### Task instructions
Pictures left aside, return the lines below exactly, from the one with "Video Light, COLBOR" to the end, including both ends.

### Data segment
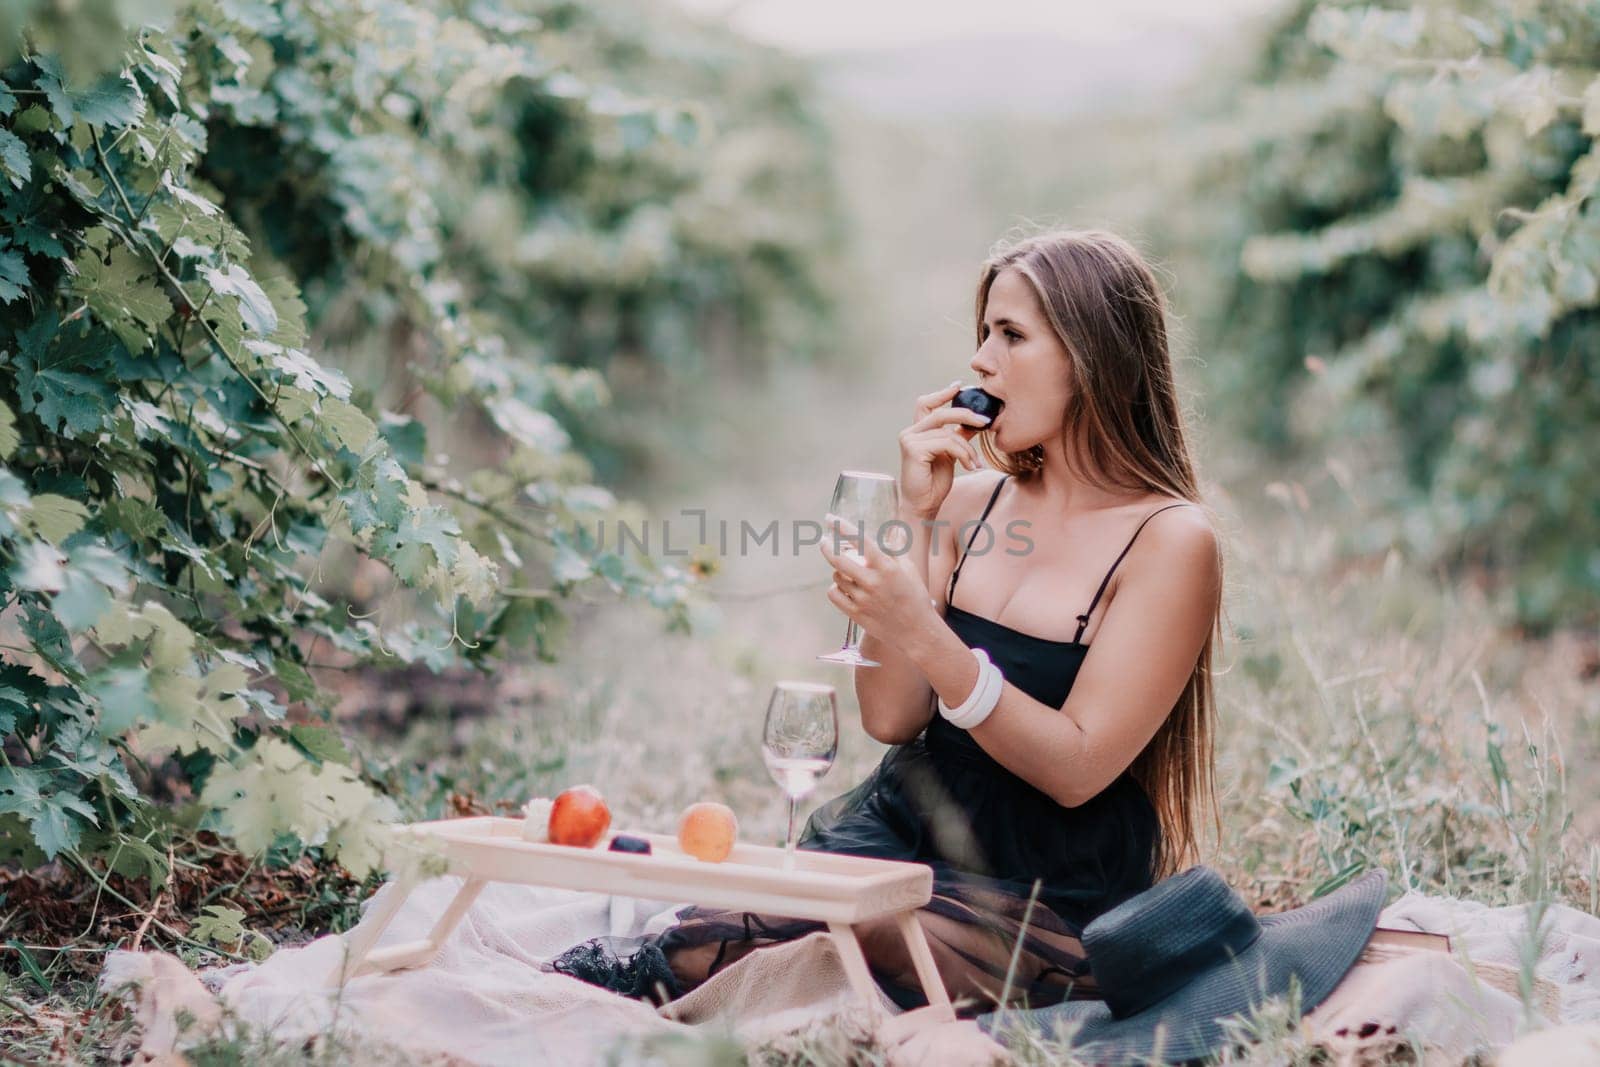 Picnic and wine tasting at sunset in the hills of Italy, Tuscany. Vineyards and open nature in the summer. Romantic dinner, fruit and wine.
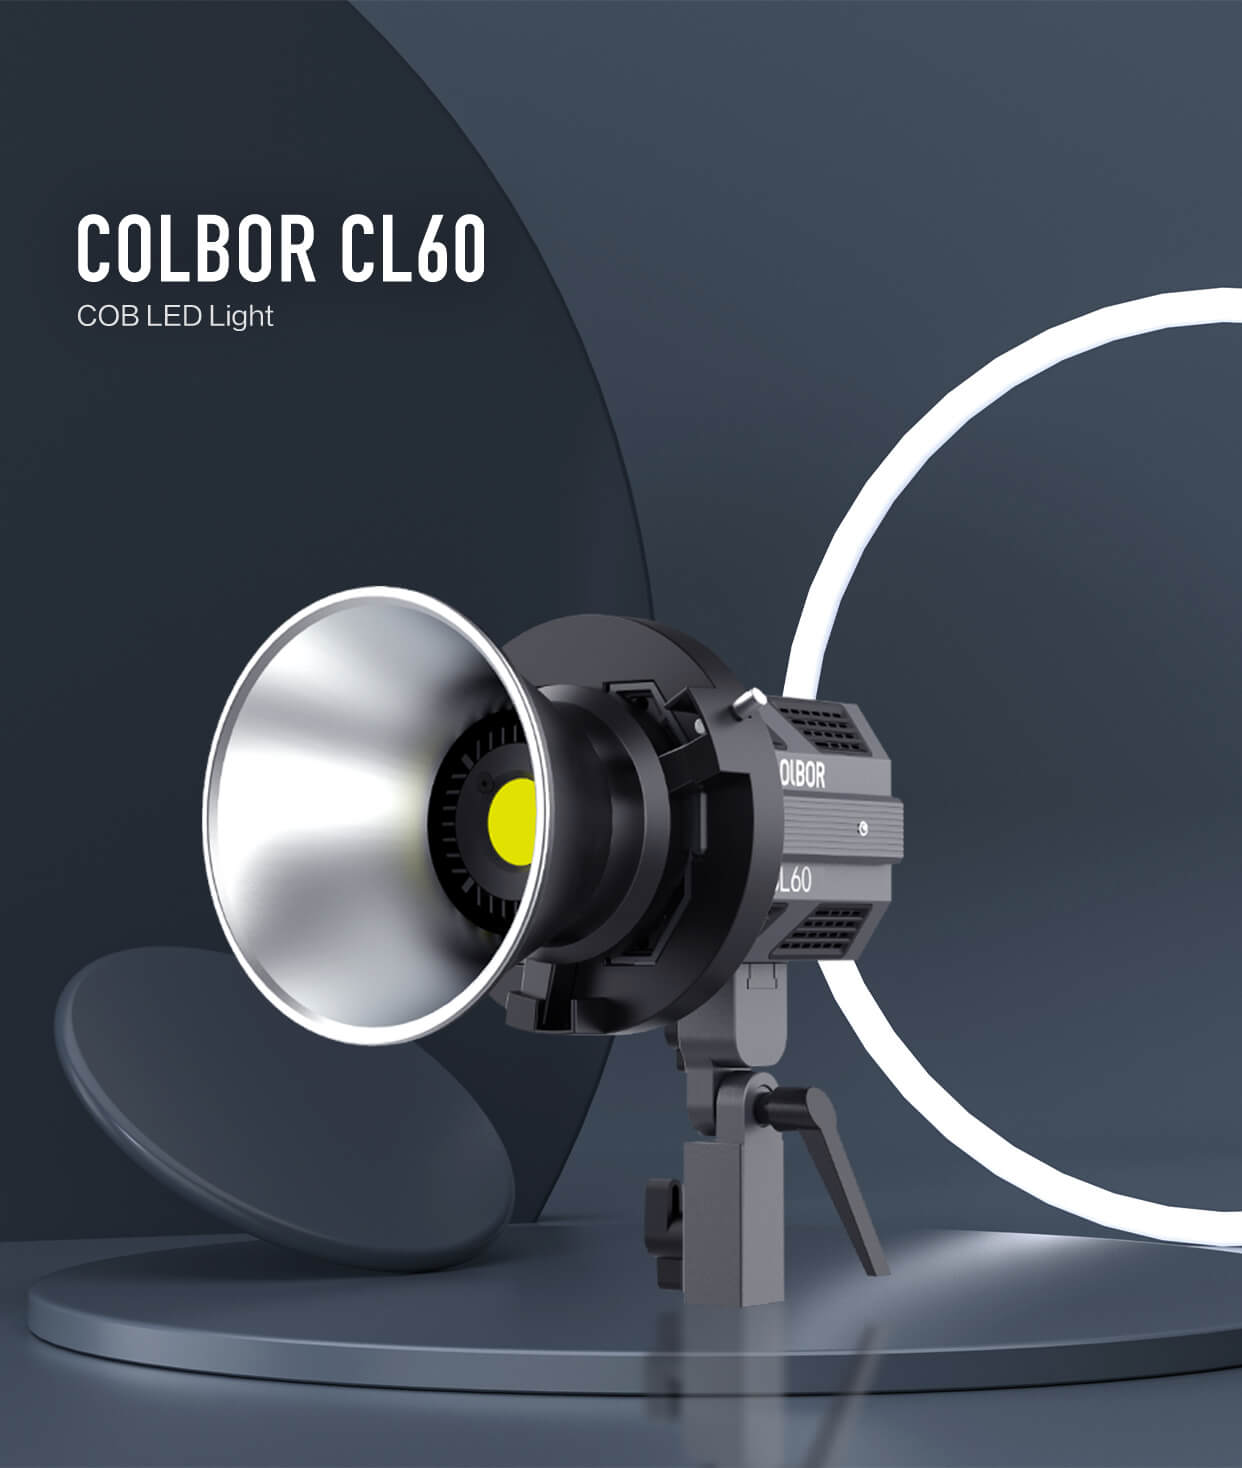 Video Light, COLBOR CL60M Studio Lights 65W 5600K CRI97+ Continuous Output Lighting 7 Light Effects with Bowens Mount APP Control Spotlight for Video Recording, Video-Light-LED-Photography-Lighting
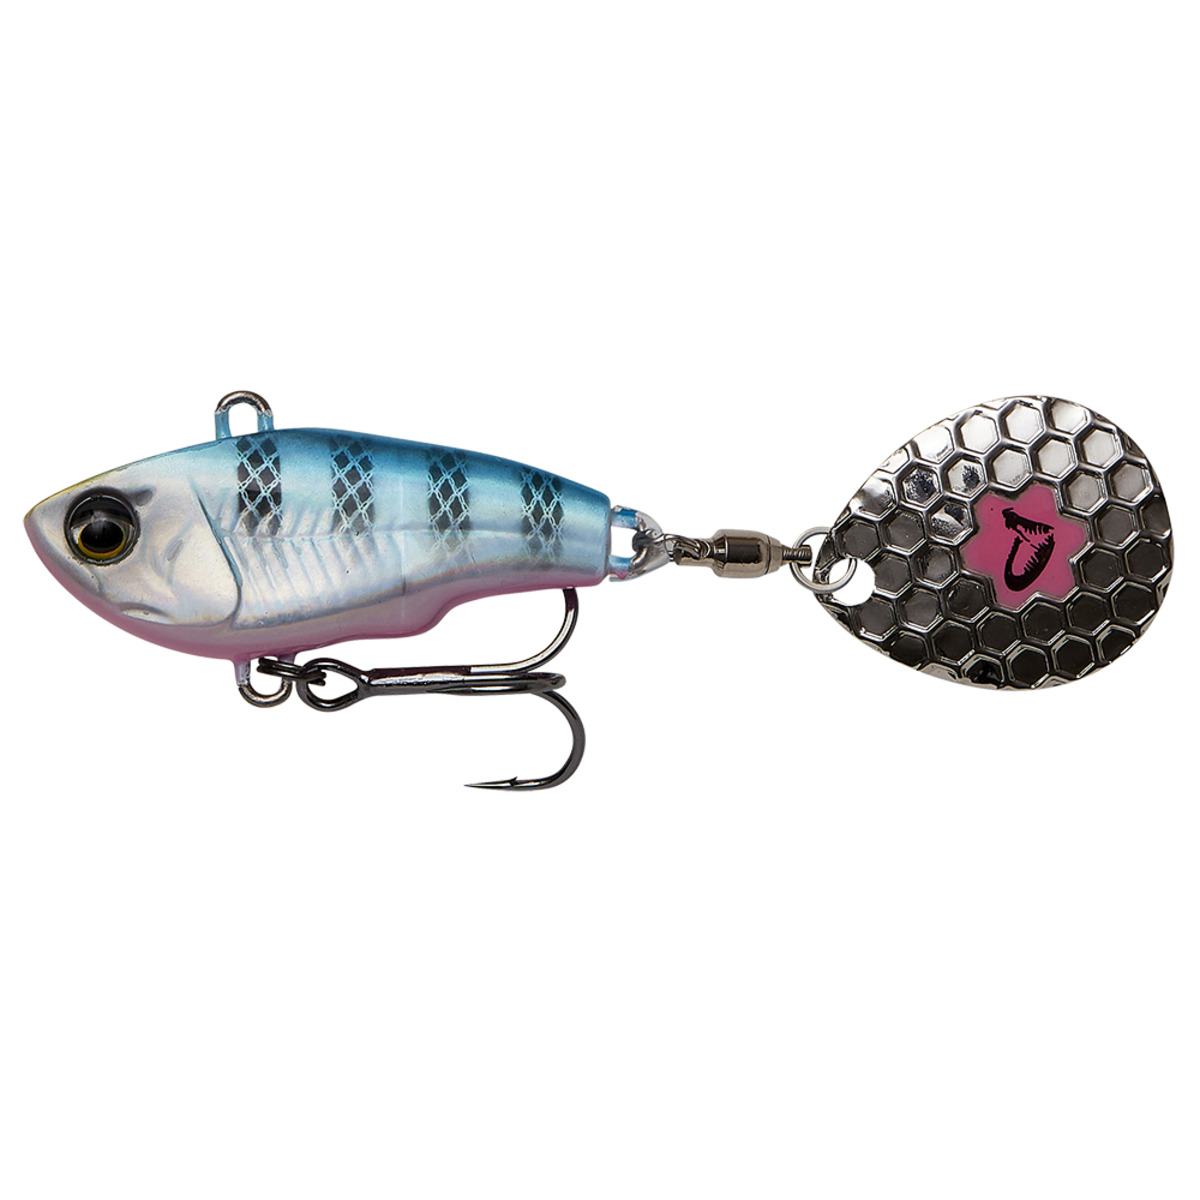 Savage Gear Fat Tail Spin 8cm 24g Sinking - BLUE SILVER PINK

### Task response
 Video Light, COLBOR CL60M Studio Lights 65W 5600K CRI97+ Continuous Output Lighting 7 Light Effects with Bowens Mount APP Control Spotlight for Video Recording, Video-Light-LED-Photography-Lighting
 Savage Gear Fat Tail Spin 8cm 24g Sinking - BLUE SILVER PINK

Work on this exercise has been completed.